I am seeing a consistent difference in a microbenchmark between calling Unsafe.putByte() for each byte in a byte array vs. either (a) setMemory() to zero out all bytes, or (b) copyMemory() to copy the data in the byte[] array into the native memory. I would have expected the bulk memory writes to be faster than making multiple calls to update memory byte-by-byte, but am seeing the opposite, at least for the small byte[] arrays I'm testing.

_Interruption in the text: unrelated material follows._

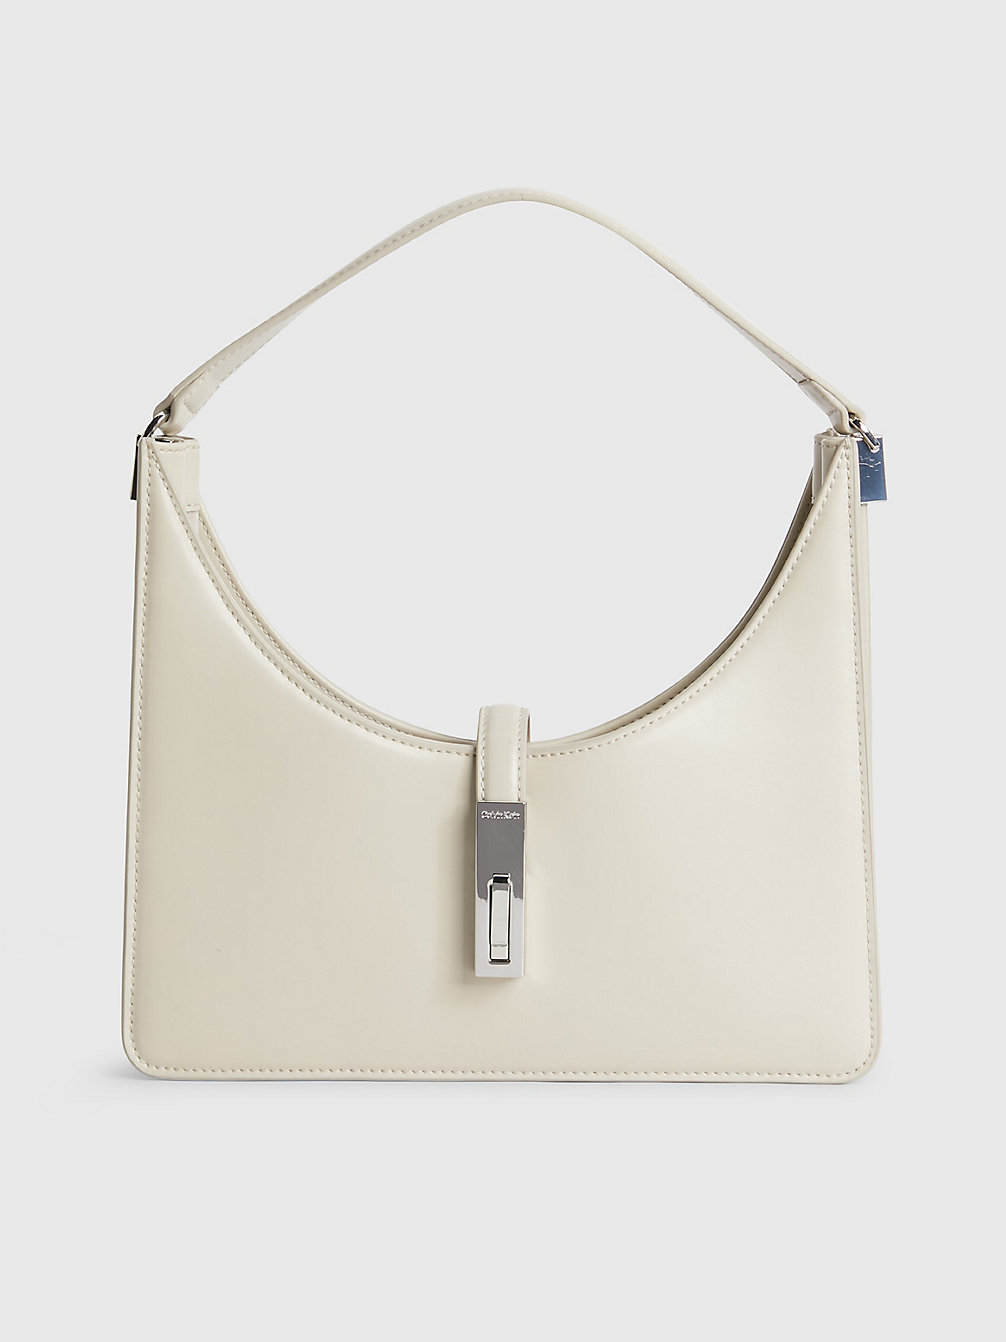 STONEY BEIGE Small Recycled Shoulder Bag undefined women Calvin Klein

This is on MacOS X 10.5, JDK 1.8.0_51 on a MacBook Pro with a 2.8 GHz Intel Core i7, benchmarked with JMH settings:

# Warmup: 5 iterations, 1 s each
# Measurement: 20 iterations, 1 s each
# Timeout: 10 min per iteration
# Threads: 1 thread, will synchronize iterations
# Benchmark mode: Throughput, ops/time

The difference seen from essentially a one-line change to replace my putBytes() call with copyMemory():

OffHeapFastStringPerfTest.appendFastStringNoPrealloc                 thrpt   20  1895.290 ± 15.210  ops/s
OffHeapFastStringPerfTest.appendFastStringNoPreallocUsingCopyMemory  thrpt   20  1415.249 ± 16.747  ops/s

Is this a well-known difference, and is there something about the way these operations that have been implemented in Java 8 that slows them down?


Michael Barker

unread,
Aug 25, 2015, 6:10:25 PM8/25/15
to mechanica...@googlegroups.com
Any chance that you could post the benchmark?

--
You received this message because you are subscribed to the Google Groups "mechanical-sympathy" group.
To unsubscribe from this group and stop receiving emails from it, send an email to mechanical-symp...@googlegroups.com.
For more options, visit https://groups.google.com/d/optout.

Vitaly Davidovich

unread,
Aug 25, 2015, 6:20:38 PM8/25/15
to mechanical-sympathy

setMemory isn't backed by intrinsic so you get JNI penalty.  copyMemory is but what size are you copying? You mention small arrays which, depending on what we mean, could be quicker to blast through with no memcpy setup.  Try larger sizes.  Finally, look at the generated assembly to see the difference.

sent from my phone

Kyle Downey

unread,
Aug 25, 2015, 7:08:47 PM8/25/15
to mechanical-sympathy
Vitaly,

Good call -- here are the results with appending an 89 byte array instead of a 3 byte array -- copyMemory is now faster than both StringBuffer and the putByte()-based version of the string append operation.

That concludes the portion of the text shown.